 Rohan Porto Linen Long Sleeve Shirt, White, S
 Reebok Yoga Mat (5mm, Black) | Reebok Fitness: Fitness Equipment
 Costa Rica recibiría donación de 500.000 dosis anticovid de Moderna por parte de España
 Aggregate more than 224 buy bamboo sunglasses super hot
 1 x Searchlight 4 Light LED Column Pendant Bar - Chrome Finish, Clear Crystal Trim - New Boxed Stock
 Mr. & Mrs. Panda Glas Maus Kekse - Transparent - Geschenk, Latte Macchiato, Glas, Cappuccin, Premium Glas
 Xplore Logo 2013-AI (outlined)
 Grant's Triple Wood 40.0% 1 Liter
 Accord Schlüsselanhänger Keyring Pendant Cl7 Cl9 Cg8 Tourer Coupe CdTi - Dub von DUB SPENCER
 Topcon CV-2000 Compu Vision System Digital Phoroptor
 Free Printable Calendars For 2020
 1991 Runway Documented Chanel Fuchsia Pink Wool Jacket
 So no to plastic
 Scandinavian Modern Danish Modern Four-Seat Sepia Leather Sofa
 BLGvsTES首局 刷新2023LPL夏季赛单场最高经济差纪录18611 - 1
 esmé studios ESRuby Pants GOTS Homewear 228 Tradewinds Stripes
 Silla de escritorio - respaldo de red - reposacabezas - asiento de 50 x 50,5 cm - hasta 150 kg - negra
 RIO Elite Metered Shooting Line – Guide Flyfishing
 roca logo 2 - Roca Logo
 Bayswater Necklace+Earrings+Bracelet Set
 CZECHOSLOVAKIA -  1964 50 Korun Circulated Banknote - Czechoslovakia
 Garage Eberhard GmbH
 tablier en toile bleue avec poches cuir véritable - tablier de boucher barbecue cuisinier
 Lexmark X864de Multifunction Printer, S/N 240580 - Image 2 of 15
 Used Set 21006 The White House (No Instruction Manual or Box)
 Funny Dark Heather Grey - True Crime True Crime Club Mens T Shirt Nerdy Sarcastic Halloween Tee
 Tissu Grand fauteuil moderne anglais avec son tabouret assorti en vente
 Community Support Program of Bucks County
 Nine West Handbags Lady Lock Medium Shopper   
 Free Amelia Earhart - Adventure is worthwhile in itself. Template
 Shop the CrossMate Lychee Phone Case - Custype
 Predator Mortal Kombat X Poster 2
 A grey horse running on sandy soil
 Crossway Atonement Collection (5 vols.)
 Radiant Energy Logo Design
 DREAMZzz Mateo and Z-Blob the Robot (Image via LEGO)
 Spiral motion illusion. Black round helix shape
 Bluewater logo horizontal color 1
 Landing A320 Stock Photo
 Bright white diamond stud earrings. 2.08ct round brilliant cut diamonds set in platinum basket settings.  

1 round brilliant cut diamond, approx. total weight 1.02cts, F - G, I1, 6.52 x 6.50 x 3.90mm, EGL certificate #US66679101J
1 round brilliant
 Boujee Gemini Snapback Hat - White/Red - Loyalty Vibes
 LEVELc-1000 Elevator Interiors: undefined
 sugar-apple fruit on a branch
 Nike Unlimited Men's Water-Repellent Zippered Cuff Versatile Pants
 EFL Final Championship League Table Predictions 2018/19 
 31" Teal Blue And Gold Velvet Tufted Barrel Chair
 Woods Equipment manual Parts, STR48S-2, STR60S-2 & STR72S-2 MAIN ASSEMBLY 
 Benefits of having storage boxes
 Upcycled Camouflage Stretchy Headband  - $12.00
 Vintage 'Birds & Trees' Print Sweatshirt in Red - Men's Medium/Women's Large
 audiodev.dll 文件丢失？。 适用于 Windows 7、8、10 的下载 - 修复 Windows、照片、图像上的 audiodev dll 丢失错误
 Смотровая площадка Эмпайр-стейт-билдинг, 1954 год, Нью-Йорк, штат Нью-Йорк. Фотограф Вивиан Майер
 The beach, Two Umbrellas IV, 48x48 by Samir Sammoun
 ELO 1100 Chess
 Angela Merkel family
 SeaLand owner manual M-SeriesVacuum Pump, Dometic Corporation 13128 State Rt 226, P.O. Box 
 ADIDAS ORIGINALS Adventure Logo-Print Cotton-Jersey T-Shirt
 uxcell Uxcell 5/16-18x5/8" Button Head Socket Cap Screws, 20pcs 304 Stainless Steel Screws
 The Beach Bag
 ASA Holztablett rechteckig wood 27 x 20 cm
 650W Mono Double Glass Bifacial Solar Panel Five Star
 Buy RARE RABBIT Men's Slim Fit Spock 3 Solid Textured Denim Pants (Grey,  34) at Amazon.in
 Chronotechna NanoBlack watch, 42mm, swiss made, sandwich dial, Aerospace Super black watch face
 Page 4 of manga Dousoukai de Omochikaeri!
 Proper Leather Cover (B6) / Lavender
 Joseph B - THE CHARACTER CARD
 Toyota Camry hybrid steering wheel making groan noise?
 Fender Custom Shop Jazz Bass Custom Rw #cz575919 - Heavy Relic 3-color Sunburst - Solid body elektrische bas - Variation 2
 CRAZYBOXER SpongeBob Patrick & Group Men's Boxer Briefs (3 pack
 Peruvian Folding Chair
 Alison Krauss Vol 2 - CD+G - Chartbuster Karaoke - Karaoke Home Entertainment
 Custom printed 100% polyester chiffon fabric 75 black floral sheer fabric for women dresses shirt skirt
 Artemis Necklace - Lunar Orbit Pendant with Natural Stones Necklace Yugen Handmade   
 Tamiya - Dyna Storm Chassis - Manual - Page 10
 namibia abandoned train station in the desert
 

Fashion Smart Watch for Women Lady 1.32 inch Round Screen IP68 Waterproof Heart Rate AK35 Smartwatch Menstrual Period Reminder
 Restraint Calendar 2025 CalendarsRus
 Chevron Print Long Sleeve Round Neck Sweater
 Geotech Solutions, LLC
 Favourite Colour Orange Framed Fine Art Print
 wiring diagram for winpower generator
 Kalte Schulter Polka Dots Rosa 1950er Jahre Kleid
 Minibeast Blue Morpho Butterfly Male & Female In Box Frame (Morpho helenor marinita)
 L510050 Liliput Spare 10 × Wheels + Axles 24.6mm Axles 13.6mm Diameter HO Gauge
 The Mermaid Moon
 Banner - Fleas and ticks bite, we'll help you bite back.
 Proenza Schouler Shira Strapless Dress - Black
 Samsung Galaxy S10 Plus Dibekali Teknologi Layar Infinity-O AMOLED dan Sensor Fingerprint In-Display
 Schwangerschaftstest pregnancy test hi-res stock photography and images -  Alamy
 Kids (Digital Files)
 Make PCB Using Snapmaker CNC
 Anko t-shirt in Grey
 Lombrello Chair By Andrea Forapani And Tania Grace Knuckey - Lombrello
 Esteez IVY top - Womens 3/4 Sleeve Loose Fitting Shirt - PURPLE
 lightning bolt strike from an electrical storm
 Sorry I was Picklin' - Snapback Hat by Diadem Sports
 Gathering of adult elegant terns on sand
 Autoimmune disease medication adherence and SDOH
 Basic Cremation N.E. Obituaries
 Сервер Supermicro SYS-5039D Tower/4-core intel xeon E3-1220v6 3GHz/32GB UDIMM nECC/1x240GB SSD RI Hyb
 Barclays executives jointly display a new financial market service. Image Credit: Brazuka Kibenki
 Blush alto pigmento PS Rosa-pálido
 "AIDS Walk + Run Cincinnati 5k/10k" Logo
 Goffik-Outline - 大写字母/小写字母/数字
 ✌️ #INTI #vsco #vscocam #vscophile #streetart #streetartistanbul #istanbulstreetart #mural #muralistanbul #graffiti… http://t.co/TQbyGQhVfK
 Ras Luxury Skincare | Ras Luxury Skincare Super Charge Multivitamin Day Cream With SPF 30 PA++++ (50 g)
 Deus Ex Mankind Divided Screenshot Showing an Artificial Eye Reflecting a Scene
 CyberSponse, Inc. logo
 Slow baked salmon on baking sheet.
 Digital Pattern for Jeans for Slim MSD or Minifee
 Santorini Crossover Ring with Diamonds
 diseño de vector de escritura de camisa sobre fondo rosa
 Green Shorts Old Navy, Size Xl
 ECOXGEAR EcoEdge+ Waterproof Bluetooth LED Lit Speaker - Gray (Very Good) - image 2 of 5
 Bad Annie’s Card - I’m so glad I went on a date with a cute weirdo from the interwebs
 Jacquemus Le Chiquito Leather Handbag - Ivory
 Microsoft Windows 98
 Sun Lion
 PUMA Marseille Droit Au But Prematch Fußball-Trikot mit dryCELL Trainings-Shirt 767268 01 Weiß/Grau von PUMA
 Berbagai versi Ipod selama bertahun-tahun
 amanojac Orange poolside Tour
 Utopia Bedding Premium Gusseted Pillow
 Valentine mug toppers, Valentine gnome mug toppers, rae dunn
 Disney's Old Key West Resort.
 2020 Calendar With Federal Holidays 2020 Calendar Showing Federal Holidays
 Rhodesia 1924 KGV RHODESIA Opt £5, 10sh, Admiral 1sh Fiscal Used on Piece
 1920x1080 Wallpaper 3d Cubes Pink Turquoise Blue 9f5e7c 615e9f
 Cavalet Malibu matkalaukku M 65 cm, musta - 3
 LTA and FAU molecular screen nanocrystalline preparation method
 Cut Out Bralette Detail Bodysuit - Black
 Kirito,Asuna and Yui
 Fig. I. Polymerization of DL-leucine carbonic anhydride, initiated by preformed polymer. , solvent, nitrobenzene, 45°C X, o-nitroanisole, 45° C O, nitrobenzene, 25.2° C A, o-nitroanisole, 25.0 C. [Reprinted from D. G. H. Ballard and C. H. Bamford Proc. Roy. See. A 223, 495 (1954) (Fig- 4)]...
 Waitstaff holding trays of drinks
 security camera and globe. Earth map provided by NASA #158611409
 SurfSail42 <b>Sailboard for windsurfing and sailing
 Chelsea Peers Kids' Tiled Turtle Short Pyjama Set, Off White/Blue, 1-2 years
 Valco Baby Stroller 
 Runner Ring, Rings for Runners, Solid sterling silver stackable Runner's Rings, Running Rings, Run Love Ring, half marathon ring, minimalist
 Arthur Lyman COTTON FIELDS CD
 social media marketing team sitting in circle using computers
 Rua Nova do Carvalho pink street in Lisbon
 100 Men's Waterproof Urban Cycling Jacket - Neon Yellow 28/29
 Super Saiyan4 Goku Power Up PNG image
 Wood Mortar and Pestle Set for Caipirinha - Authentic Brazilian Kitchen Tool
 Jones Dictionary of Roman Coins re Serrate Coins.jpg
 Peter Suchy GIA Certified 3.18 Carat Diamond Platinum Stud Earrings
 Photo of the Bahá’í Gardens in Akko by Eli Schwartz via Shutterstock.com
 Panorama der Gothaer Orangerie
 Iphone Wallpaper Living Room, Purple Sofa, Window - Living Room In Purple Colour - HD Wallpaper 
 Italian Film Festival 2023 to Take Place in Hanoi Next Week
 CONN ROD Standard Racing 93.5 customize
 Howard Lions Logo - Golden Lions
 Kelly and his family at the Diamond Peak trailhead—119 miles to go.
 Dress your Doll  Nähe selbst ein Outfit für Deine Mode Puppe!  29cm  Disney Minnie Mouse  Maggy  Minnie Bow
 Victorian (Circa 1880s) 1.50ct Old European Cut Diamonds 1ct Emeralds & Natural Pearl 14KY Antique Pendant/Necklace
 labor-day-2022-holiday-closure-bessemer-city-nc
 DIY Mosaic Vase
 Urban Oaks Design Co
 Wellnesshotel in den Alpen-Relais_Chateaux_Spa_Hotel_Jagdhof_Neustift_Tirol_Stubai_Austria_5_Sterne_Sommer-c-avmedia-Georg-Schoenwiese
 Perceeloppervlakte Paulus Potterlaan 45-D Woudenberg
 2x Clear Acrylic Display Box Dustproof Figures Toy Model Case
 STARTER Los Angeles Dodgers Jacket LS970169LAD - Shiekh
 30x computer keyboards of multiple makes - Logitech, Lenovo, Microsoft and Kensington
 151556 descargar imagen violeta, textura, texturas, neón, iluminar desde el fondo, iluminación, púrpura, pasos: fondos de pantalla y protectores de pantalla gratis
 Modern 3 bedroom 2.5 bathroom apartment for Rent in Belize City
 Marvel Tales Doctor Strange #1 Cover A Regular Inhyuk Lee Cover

━━━━━━━━━━━━━━━━

_Task to carry out_:
Go to the line in the material above that contains "The Mermaid Moon" and copy exactly from there through the line that contains "Walk + Run Cincinnati", stopping after it.

_Answer space_:
 The Mermaid Moon
 Banner - Fleas and ticks bite, we'll help you bite back.
 Proenza Schouler Shira Strapless Dress - Black
 Samsung Galaxy S10 Plus Dibekali Teknologi Layar Infinity-O AMOLED dan Sensor Fingerprint In-Display
 Schwangerschaftstest pregnancy test hi-res stock photography and images -  Alamy
 Kids (Digital Files)
 Make PCB Using Snapmaker CNC
 Anko t-shirt in Grey
 Lombrello Chair By Andrea Forapani And Tania Grace Knuckey - Lombrello
 Esteez IVY top - Womens 3/4 Sleeve Loose Fitting Shirt - PURPLE
 lightning bolt strike from an electrical storm
 Sorry I was Picklin' - Snapback Hat by Diadem Sports
 Gathering of adult elegant terns on sand
 Autoimmune disease medication adherence and SDOH
 Basic Cremation N.E. Obituaries
 Сервер Supermicro SYS-5039D Tower/4-core intel xeon E3-1220v6 3GHz/32GB UDIMM nECC/1x240GB SSD RI Hyb
 Barclays executives jointly display a new financial market service. Image Credit: Brazuka Kibenki
 Blush alto pigmento PS Rosa-pálido
 "AIDS Walk + Run Cincinnati 5k/10k" Logo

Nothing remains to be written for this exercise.